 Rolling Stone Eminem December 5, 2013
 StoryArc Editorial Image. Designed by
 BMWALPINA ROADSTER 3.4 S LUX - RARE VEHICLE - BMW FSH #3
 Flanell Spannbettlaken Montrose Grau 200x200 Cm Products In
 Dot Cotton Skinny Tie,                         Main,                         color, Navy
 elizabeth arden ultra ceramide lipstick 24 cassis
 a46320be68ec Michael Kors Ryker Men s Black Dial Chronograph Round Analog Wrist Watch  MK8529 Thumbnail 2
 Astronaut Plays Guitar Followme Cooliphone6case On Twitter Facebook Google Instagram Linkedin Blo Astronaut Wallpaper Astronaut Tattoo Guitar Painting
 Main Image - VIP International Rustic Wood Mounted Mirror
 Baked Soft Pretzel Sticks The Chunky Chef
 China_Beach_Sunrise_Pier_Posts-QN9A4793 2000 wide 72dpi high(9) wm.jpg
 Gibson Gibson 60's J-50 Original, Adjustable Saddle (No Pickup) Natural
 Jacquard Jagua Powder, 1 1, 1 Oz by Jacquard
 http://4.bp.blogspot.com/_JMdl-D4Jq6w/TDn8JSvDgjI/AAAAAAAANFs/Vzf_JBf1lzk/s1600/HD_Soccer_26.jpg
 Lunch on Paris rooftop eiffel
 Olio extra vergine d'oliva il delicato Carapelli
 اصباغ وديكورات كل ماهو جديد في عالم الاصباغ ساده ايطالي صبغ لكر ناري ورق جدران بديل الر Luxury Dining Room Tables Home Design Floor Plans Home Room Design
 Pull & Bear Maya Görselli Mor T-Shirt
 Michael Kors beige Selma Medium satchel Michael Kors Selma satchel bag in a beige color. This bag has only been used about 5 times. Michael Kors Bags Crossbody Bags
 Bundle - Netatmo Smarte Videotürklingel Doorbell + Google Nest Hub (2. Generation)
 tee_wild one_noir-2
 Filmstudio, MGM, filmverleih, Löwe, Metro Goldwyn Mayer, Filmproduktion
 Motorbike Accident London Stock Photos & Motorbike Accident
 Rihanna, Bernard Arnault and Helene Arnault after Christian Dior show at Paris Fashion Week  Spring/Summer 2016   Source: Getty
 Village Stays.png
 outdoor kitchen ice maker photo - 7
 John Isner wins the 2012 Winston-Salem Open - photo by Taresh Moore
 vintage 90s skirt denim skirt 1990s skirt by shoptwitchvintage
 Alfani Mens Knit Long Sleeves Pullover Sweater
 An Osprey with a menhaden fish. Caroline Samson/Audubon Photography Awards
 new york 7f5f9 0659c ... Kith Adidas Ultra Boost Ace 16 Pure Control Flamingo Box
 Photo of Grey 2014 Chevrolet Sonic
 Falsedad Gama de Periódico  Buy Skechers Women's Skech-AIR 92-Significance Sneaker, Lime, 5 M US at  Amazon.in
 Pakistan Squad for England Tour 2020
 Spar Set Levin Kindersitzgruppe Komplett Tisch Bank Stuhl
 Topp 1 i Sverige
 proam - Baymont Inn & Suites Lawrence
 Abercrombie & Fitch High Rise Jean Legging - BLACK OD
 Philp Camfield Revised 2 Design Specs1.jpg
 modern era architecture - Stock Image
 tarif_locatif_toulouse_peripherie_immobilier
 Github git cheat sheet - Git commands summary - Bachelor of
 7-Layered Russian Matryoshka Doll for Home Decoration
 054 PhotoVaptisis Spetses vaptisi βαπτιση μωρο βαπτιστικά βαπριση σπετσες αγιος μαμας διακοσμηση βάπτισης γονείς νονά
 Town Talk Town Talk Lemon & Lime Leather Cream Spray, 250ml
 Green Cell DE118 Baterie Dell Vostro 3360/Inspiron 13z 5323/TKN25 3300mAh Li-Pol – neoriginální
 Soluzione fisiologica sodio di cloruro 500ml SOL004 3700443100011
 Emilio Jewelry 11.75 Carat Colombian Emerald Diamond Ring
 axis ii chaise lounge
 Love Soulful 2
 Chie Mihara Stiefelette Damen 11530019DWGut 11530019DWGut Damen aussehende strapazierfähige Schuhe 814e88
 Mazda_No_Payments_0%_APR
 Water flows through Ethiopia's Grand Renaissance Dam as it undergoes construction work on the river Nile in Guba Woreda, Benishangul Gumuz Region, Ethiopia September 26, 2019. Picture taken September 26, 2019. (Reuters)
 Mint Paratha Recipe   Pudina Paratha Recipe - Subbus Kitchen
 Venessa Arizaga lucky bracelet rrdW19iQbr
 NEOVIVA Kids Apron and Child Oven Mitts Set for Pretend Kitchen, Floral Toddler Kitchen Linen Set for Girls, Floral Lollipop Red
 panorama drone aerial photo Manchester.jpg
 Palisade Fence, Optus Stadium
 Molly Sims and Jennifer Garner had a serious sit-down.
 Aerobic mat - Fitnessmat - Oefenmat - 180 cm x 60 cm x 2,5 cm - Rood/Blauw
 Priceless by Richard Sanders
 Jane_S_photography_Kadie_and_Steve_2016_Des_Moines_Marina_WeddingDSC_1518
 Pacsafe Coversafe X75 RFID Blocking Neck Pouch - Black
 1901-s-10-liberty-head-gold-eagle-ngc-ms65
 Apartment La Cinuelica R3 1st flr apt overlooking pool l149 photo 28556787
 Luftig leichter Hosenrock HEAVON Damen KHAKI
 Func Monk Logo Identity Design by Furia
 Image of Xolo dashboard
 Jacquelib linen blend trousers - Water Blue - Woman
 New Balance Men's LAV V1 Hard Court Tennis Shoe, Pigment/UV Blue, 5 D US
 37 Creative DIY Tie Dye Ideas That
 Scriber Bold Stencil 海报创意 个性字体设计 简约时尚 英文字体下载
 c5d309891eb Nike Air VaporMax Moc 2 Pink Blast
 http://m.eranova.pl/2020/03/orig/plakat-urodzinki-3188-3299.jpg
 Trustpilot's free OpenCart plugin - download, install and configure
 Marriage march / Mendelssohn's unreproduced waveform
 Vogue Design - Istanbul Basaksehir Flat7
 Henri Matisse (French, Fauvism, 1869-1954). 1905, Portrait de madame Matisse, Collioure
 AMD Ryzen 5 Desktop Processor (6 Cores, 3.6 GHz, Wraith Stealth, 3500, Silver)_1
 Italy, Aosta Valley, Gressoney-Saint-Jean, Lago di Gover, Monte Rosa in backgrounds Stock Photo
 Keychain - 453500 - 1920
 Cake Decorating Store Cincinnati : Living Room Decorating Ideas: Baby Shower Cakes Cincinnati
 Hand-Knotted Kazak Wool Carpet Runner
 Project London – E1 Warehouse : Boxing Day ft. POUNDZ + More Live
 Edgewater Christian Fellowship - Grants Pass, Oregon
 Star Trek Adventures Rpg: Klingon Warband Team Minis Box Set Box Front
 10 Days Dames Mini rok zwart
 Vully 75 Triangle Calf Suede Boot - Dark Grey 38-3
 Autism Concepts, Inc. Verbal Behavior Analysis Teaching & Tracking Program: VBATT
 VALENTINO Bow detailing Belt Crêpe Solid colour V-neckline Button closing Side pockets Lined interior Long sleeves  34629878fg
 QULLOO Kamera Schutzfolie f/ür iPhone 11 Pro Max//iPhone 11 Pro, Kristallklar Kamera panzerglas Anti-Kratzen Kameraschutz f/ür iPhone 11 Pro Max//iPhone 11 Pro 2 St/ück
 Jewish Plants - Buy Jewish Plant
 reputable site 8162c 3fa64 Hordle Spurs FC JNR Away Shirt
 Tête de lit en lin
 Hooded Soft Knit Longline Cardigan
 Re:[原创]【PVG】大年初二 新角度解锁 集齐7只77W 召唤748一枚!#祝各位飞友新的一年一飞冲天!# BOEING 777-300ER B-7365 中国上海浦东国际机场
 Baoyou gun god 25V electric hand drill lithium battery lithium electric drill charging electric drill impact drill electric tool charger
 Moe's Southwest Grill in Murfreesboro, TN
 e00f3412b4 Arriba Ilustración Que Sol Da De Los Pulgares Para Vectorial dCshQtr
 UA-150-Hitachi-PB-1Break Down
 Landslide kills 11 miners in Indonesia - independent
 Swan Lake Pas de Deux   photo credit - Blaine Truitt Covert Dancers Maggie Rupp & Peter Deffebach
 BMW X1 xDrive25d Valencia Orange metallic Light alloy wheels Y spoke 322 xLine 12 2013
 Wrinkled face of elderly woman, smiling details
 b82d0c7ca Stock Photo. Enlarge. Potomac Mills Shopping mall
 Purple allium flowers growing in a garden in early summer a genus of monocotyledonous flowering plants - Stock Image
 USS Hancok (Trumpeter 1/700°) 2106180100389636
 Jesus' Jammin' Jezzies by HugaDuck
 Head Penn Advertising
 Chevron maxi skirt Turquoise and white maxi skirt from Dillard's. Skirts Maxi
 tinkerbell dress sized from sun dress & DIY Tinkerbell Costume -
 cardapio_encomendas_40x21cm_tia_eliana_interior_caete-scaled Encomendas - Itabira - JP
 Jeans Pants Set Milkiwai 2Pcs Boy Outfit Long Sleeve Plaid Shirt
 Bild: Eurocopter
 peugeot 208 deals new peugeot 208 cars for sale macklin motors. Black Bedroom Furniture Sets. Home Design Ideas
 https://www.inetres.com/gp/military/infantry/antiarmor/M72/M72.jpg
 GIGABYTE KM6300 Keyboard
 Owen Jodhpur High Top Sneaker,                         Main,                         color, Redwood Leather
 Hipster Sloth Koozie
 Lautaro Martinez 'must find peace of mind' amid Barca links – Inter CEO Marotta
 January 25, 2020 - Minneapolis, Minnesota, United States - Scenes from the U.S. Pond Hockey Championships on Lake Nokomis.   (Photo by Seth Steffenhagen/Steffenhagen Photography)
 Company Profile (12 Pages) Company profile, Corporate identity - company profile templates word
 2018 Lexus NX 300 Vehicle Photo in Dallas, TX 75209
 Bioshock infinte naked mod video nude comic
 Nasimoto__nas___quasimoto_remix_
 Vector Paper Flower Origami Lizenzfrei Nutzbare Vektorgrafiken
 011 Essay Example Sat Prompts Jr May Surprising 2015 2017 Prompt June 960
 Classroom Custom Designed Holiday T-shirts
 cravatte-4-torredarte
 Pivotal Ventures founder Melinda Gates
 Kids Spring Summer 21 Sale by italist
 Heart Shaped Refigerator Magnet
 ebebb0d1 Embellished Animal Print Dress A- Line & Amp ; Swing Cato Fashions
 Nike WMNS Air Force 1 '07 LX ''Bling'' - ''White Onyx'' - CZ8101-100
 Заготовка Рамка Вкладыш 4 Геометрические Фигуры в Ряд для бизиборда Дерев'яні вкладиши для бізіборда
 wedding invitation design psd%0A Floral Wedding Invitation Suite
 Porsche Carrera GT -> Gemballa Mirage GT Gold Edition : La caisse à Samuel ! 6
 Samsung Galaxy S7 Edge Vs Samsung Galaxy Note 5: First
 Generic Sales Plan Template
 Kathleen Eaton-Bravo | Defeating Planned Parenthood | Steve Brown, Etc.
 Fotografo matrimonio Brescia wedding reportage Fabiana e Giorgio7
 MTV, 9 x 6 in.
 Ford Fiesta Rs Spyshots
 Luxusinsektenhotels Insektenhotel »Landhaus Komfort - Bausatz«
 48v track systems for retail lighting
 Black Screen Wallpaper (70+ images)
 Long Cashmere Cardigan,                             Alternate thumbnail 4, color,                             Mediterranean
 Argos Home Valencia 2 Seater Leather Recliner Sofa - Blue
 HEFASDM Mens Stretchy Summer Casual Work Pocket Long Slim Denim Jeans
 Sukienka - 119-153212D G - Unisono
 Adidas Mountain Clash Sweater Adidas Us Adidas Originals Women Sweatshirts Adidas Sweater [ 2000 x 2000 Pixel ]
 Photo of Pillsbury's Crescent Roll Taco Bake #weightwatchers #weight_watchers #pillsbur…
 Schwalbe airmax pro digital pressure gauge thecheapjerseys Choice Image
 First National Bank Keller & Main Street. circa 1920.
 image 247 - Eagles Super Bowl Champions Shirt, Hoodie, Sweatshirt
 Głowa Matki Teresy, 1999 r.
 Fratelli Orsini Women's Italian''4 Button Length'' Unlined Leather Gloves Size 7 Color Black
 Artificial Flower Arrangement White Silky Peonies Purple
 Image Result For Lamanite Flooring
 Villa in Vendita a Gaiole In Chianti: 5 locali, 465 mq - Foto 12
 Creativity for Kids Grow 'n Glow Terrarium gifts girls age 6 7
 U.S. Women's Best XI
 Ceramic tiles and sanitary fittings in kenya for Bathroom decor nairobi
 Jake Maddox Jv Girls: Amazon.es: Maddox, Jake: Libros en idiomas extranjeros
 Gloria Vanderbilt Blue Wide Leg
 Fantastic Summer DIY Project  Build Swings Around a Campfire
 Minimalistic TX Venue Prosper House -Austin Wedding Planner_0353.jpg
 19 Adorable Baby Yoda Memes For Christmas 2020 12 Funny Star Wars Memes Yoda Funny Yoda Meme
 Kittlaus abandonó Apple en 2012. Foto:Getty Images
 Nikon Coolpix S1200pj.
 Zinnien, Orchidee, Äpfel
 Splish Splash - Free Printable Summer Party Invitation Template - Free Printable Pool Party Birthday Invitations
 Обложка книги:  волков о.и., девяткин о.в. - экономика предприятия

┄┄┄┄┄┄

Restate word for word the lines in the material above from the one with "An Osprey with" to the one with "modern era architecture - Stock Image"; both of those lines count, and nothing else does.

 An Osprey with a menhaden fish. Caroline Samson/Audubon Photography Awards
 new york 7f5f9 0659c ... Kith Adidas Ultra Boost Ace 16 Pure Control Flamingo Box
 Photo of Grey 2014 Chevrolet Sonic
 Falsedad Gama de Periódico  Buy Skechers Women's Skech-AIR 92-Significance Sneaker, Lime, 5 M US at  Amazon.in
 Pakistan Squad for England Tour 2020
 Spar Set Levin Kindersitzgruppe Komplett Tisch Bank Stuhl
 Topp 1 i Sverige
 proam - Baymont Inn & Suites Lawrence
 Abercrombie & Fitch High Rise Jean Legging - BLACK OD
 Philp Camfield Revised 2 Design Specs1.jpg
 modern era architecture - Stock Image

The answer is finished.